Well, unfortunately we all have a stake these days in how the banking industry is faring, and not just because our tax dollars have funded billion dollar bailouts. The health of the banking industry is a direct reflection on the health of the economy, and we all pay the price or reap the benefits to a degree.

The stress test given to 19 of the country's biggest banks was conducted by the Federal Reserve to indicate the solvency and future viability of the various banks. Overall, the results were more positive than negative. Bank of America was told that it would need an additional $33.9 billion in capital to weather any future economic storms. Banks are likely to raise the needed capital through asset sales, future earnings, as well as raising capital from private investors.

In fact, the Associated Press reported that "10 of the nation's 19 largest banks need a total of about $75 billion in new capital to withstand losses if the recession worsened. The Federal Reserve's findings show the financial system, like the overall economy, is healing but not yet healed."

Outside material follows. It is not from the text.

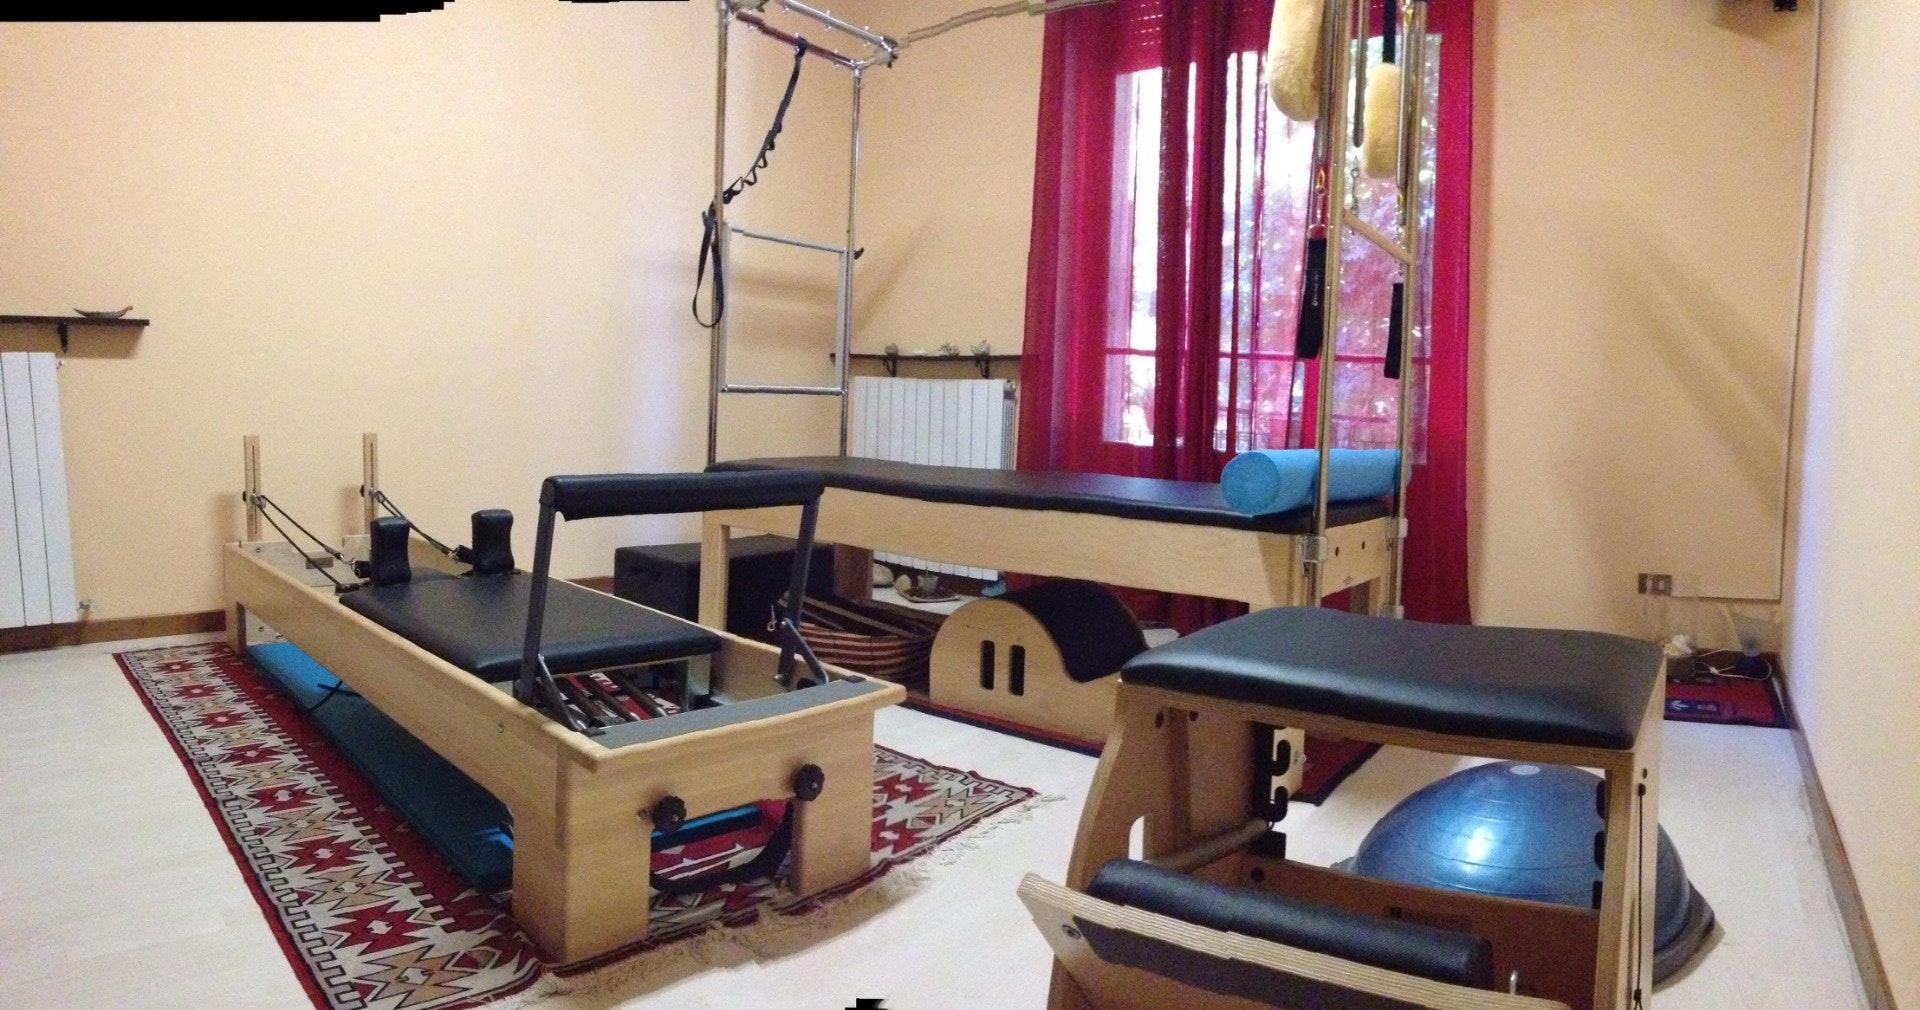 Foto 4 Offerta Gymnasium Belotti Bovisio Masciago {2}

While it wasn't great news, it wasn't exactly bad news. In the days since the test results were announced, and even as early news leaked about the government findings, the stock market has continued to slowly climb. Investors seem to be tentatively sticking their heads up from the foxholes as some smoke clears from the battlefields of this recession.

But in many ways it also means the battle rages on for the average American. Banks in need of raising money will likely find ways to get some of those funds out of the little guy through higher fees on bank accounts and credit cards, as well as interest rate hikes. In theory, the stress test results are supposed to reassure everyone and thus get credit flowing. The banks that "passed" the test, like JPMorgan Chase & Co. and American Express Co., will hopefully be more willing to extend credit than they have in the past year.

Or as Justin Fox put it recently in his "The Curious Capitalist" column for Time magazine, it's time for banks to get back to "boring" banking. He contends that the current financial mess was caused by so called shadow banks that got away from well established banking practices and instead engaged in "bad mortgage loans, collateralized debt obligations and all manner of other lunkheaded lending decisions."

What's left of the banking industry now are the stalwart, FDIC insured banks that have earned money the boring way for decades. Fox contends that the rise of other financial institutions, like investment banks, hedge funds and banks focused solely on mortgage loans, took business away from the banks. Eventually banks like Citigroup and many others began to get into shadow banking to compete with companies like Goldman Sachs. The rest is painful history. It may take some time, and we will all certainly continue to pay the price for all that shadowy prosperity of the past, but banks are hopefully on the road to a boring recovery. Boring is good news for the little guy.